# What the exercise asks:
Look through the records and copy every line in which "black" appears.

# Data provided:
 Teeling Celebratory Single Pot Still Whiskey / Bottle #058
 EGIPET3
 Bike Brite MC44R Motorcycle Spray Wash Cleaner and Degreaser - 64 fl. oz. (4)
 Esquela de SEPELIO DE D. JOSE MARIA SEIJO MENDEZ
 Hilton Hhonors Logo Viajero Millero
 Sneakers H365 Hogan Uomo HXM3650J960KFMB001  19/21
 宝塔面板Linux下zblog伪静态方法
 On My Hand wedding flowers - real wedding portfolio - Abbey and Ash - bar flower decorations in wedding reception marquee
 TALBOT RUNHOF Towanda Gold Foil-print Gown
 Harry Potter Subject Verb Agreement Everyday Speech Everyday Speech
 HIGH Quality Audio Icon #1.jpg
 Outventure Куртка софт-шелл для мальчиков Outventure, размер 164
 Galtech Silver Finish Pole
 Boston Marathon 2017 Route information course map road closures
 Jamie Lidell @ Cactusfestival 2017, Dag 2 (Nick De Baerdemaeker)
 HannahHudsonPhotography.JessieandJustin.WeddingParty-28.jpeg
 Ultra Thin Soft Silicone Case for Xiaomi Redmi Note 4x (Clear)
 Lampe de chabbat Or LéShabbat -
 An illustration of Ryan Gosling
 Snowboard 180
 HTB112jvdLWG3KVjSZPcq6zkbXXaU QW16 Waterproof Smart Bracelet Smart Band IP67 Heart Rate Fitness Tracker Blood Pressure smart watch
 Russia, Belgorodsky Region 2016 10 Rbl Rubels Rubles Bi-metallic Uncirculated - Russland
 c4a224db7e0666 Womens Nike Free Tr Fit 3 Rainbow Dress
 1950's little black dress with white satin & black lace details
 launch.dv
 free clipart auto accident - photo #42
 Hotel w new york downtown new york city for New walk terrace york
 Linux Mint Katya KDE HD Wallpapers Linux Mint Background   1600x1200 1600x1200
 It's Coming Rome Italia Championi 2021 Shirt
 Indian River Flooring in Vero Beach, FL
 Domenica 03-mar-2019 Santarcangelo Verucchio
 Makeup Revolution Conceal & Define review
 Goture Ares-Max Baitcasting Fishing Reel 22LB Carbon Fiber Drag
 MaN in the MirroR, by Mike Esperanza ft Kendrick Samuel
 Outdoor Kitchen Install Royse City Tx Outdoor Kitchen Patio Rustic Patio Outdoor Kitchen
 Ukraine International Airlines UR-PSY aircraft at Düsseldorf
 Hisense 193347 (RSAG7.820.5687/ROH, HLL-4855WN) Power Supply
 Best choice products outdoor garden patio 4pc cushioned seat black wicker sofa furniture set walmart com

# Exercise output:
 1950's little black dress with white satin & black lace details
 Best choice products outdoor garden patio 4pc cushioned seat black wicker sofa furniture set walmart com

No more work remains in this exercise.